British discus thrower Jade Lally says the IOC is being “insensitive” by insisting the Tokyo 2020 Games will go ahead as planned.

Despite the cancellation of key qualifying events amid the coronavirus pandemic, the Olympics remain set to take place from 24 July to 9 August.

Coronavirus has claimed more than 11,000 lives worldwide, with more than 260,000 confirmed cases.

“I don’t think it should go ahead as planned,” Lally told BBC Sport.

“I don’t think the 24 July should be the start. It’s too soon.

“I think the IOC are being very insensitive, and I don’t know if blasé is maybe the right word, but they’re not thinking about things.

“They can’t tell us to ‘train as normal’, because nobody can train as normal. Literally nobody on the planet is training as they normally would.

“Everyone is having to make adjustments, and everyone has got in the back of their mind ‘is the Olympics going to happen? Is it going to be delayed?

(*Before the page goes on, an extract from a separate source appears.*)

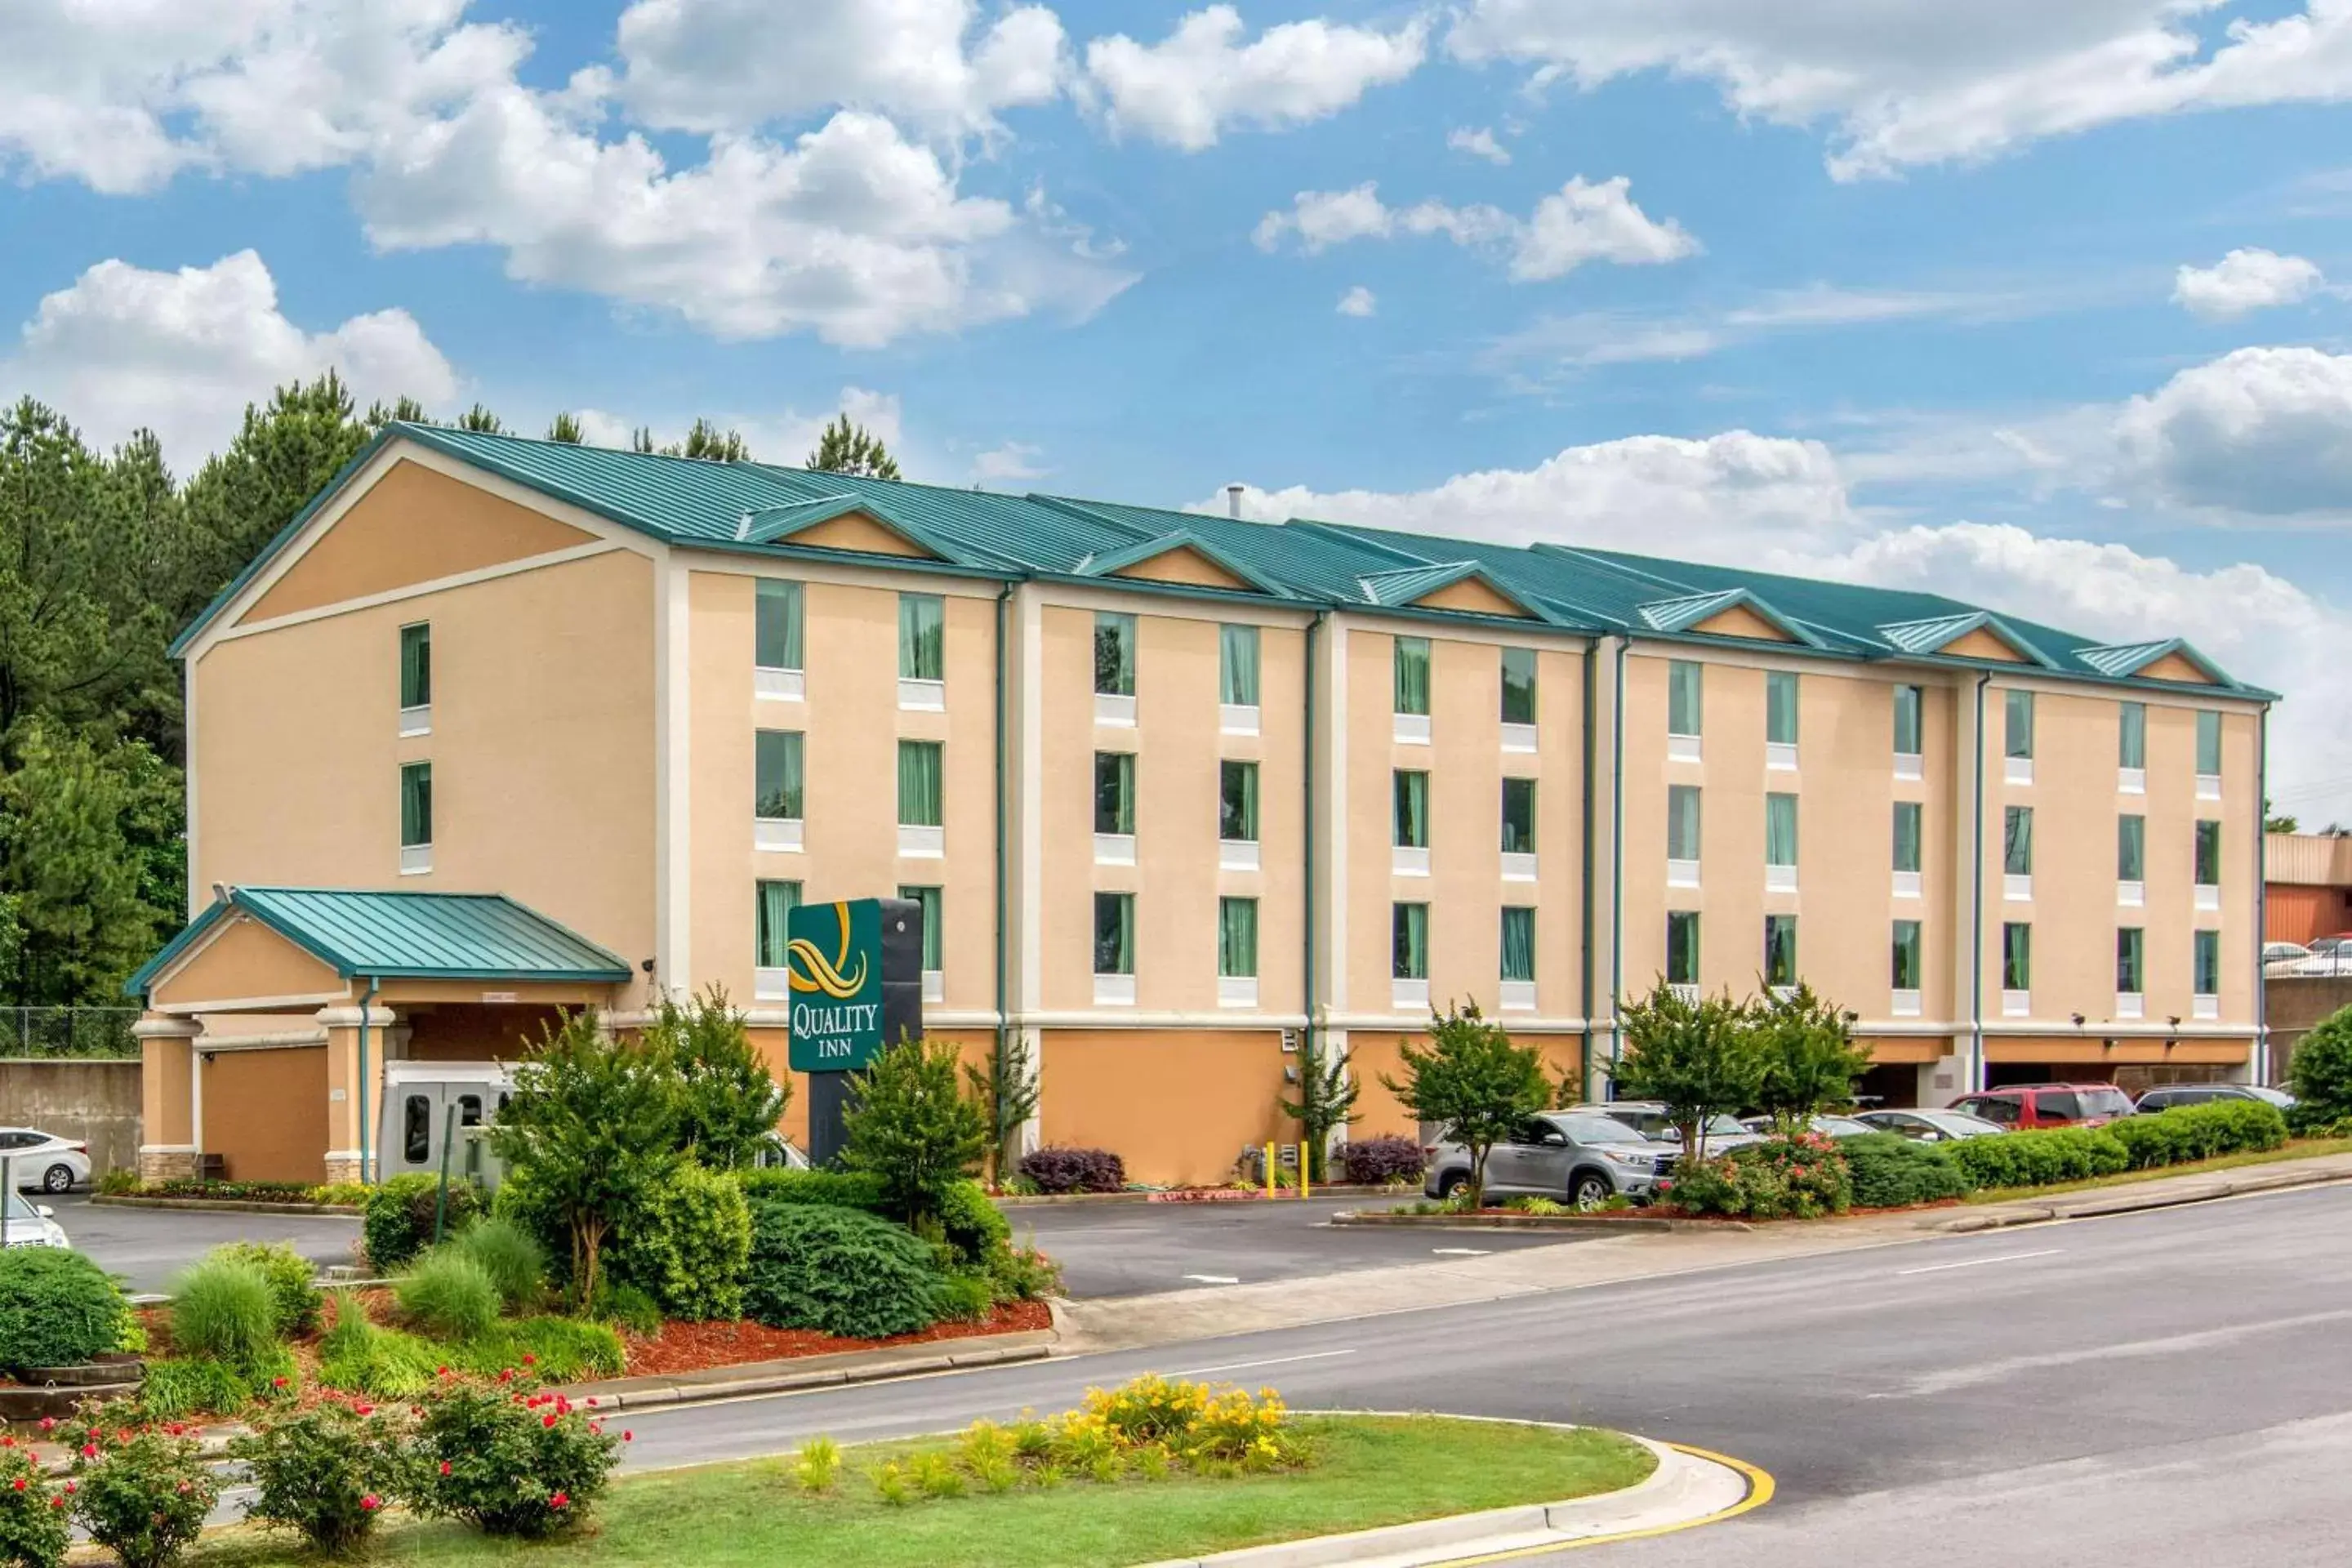 Property Building in Quality Inn & Suites Union City - Atlanta South

Is it going to be cancelled?’.”

Lally welcomed her first child, Nyla, in July 2019 and is currently unfunded.

She returned to competition earlier this year, but has yet to throw the Olympic standard of 63.50m. However, she says she feels “in a good place”.

“Not just from a sporting point of view, but a lot of females will be basing their lives around the Olympic cycle,” Lally added.

“A lot of the women will have at the back of their minds ‘after Tokyo, I can start trying for a baby and then get ready for the next Olympics’.

“Many will be basing their careers on this, this is going to be their career-ending moment and they’re putting everything they can into going to Tokyo before moving onto the next stage of life.”

Lally, who is in the process of making a makeshift gym in her garage after all gyms in the UK were shut, has called for the Games to be postponed until 2021, or October 2020 at the earliest.

But she says it would be difficult fitting it around the sporting calendar.

“For the IOC to say just carry on as normal isn’t fair,” she said. “It creates more doubt for us as athletes.

“We know it can’t possibly happen on the 24 July, it just can’t.

“If they could tell us they’re looking into delaying it, then it would reassure us because we don’t have to rush for July.”